Что-то не так с Гэлвинами. Идеальная семья, разрушенная безумием

22
18
20
22
24
26
28
30

Силверн называет психологическую устойчивость «чудесным термином для обозначения чего-то, что мы не понимаем». Разумеется, психологическая устойчивость является темой бесчисленного множества научных исследований с самыми разнообразными выводами. По опыту Силверн, подчас людям просто везет иметь характер, позволяющий впитать травмирующий опыт и взять его на вооружение в дальнейшей жизни.

Существует огромное разнообразие механизмов преодоления стресса, и некоторые из них подразумевают большее самоограничение по сравнению с остальными. Линдси была крепким орешком, маска уверенности в себе и неуступчивости сослужила ей хорошую службу в детстве, а затем постепенно слилась с ее истинным лицом. Вопрос состоял в том, насколько эта маска полезна ей сейчас – сверхнастороженность, неприятие поражения, боязнь показаться окружающим не вполне идеальной.

Силверн объяснила Линдси, что толстая броня может затруднять движение человека по жизненному пути, ограничивать его развитие узкими рамками. Она надеялась, что Линдси придет к готовности верить новым людям и снимать свою броню, когда это будет уместно.

Для этого Линдси придется научиться распознавать проявления посттравматического стресса в режиме реального времени – например, понимать, что вспылила в разговоре с подругой отчасти из-за только что увиденной в кино сцены изнасилования.

Наступил момент, когда Линдси решила рассказать психотерапевту о том, что произошло с ней после той вечеринки в восьмом классе, когда она провела ночь в гардеробной комнате. Сначала Линдси говорила туманно: «Ну, там у меня был один случай с мальчиками».

Силверн понимала, что торопить Линдси не стоит.
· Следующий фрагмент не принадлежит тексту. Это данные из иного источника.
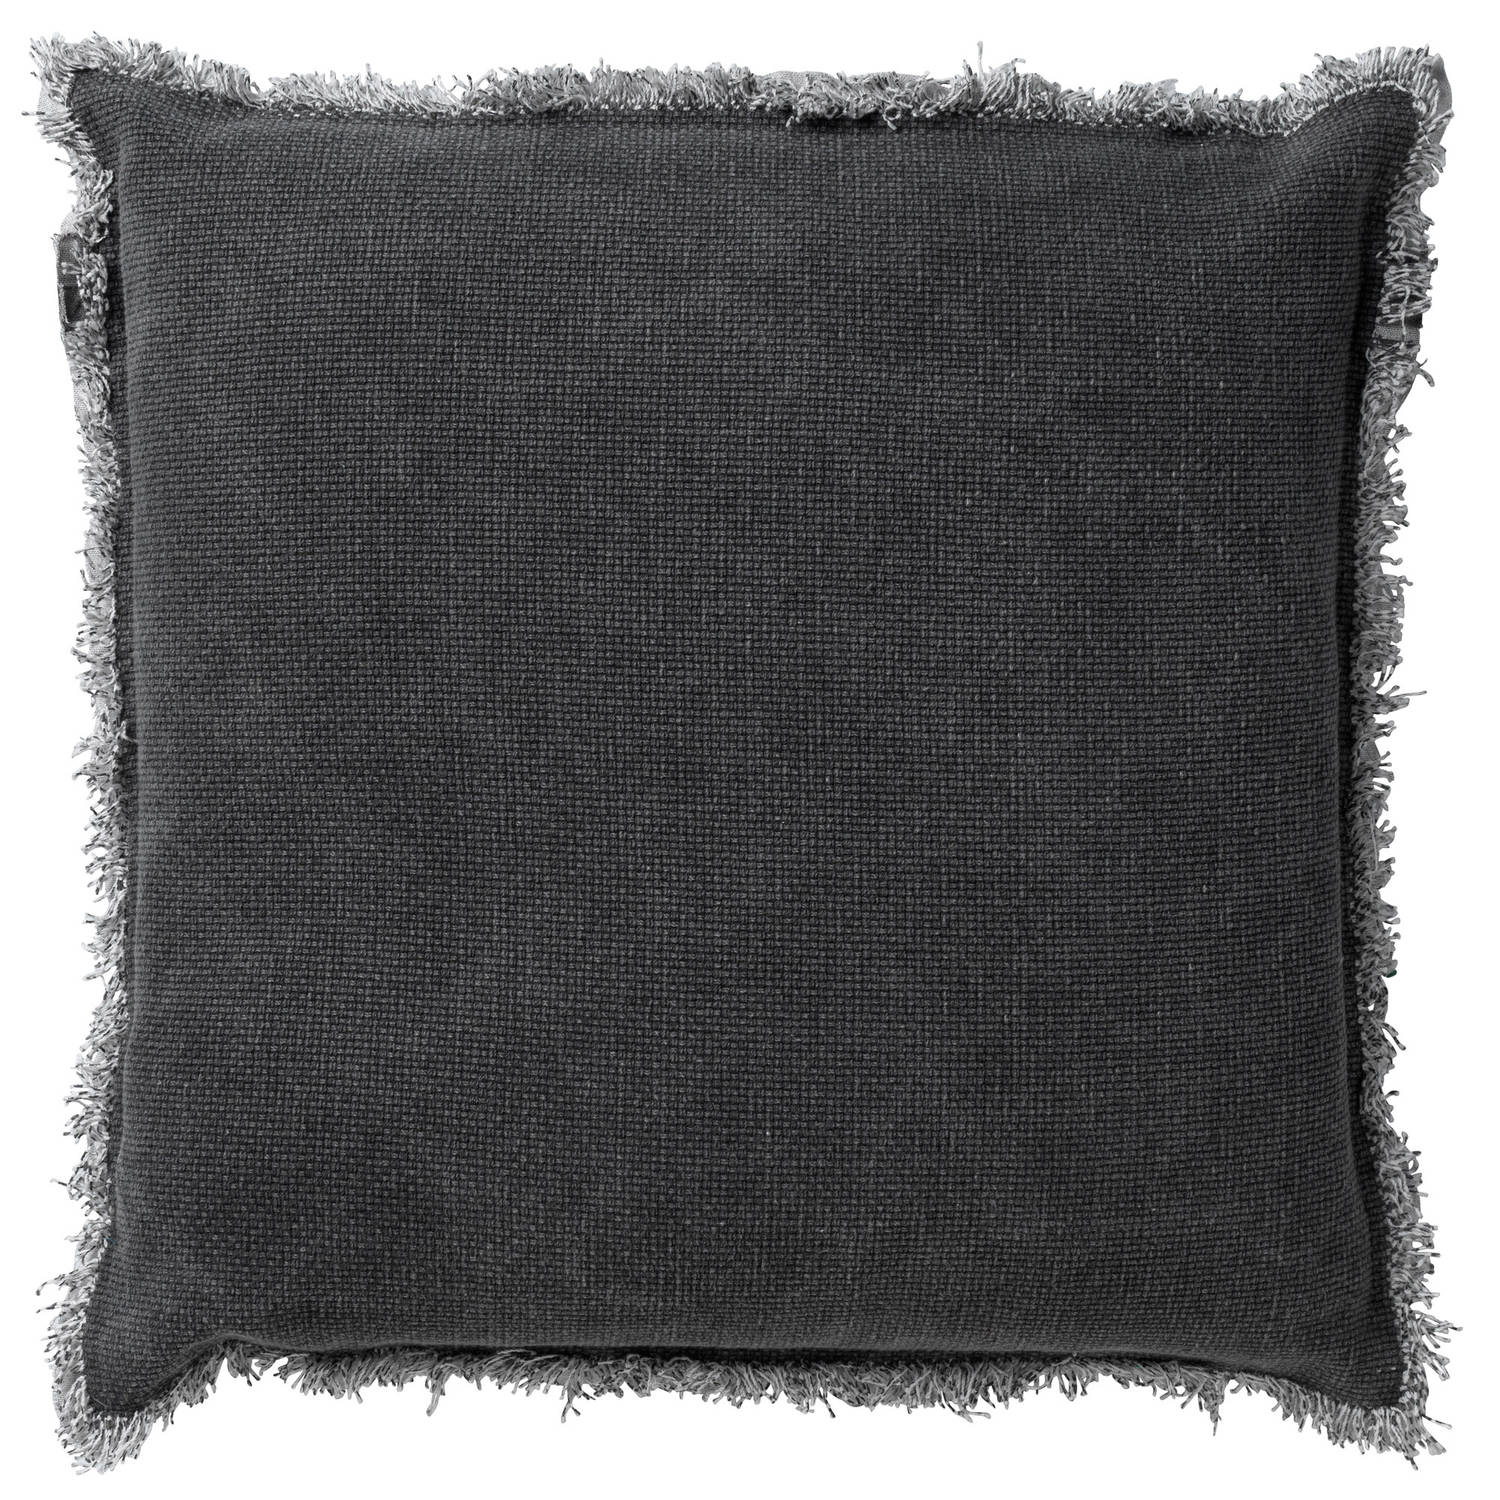 Kussenhoes Burto 60x60 charcoal grey

Для начала ей нужно дать проработать все свое самобичевание.

Линдси обманула мать. Она пошла на вечеринку без разрешения. Значит, заслужила все, что потом случилось?

– Да ладно, ни в коем случае, – сказала Силверн.

Разве она не напрашивалась, чтобы ею попользовались?

– Нет, – сказала Силверн.

Может, от нее исходил какой-то призыв к сексу? Может быть она, как жертва насилия со стороны брата, извращенным образом приравнивала секс к привязанности? Просила об этом?

Нет, конечно нет.

Почему она вообще осталась в той гардеробной?

Потому что там с ней были трое ребят.

И тогда Силверн рискнула использовать то самое слово.

– Они тебя изнасиловали, – сказала она.

Линдси это не шокировало. Наоборот, ей стало легче. Человек назвал вещи своими именами.

Определенность в выражениях вернула Линдси к реальности. Сексуальное надругательство – это сексуальное надругательство. Изнасилование – это изнасилование. Она не могла сбежать из той гардеробной ровно по той же причине, по которой не смогла уйти от Джима из домика на склоне Маниту: потому что более сильные люди воспользовались ее доверием и превратили в свою жертву, заставив делать именно то, чего они хотели.

Затем последовало осторожное раскрытие подробностей. Раньше детали каждого из этих случаев находились под полным запретом, но теперь рассказ обо всех кошмарных частностях помогал Линдси вновь обретать контроль над собой. Эти подробности служили дополнительным подтверждением того, насколько неправильным было ее самобичевание. (Неправильным, хотя и понятным – детям бывает трудно прорабатывать травмы вне рамок собственного опыта, и они чаще всего винят самих себя.) Говорить об этом с Силверн, видеть перед собой небезразличного человека, способного замечать твои сильные стороны и уважать, даже зная, через что тебе пришлось пройти – это стало для Линдси чем-то прежде небывалым. Силверн сделала то, что не мог никто из родных Линдси: предоставила пространство, в котором она могла быть собой и регулярно выражать свои эмоции.

Разговор с психотерапевтом об изнасиловании в гардеробной оказался для Линдси шагом огромной важности. А еще он стал идеальной генеральной репетицией того, что должно было произойти дальше. Ей нужно поговорить с родными так же откровенно, как со своим психотерапевтом. Только на этот раз предметом обсуждения должен стать Джим.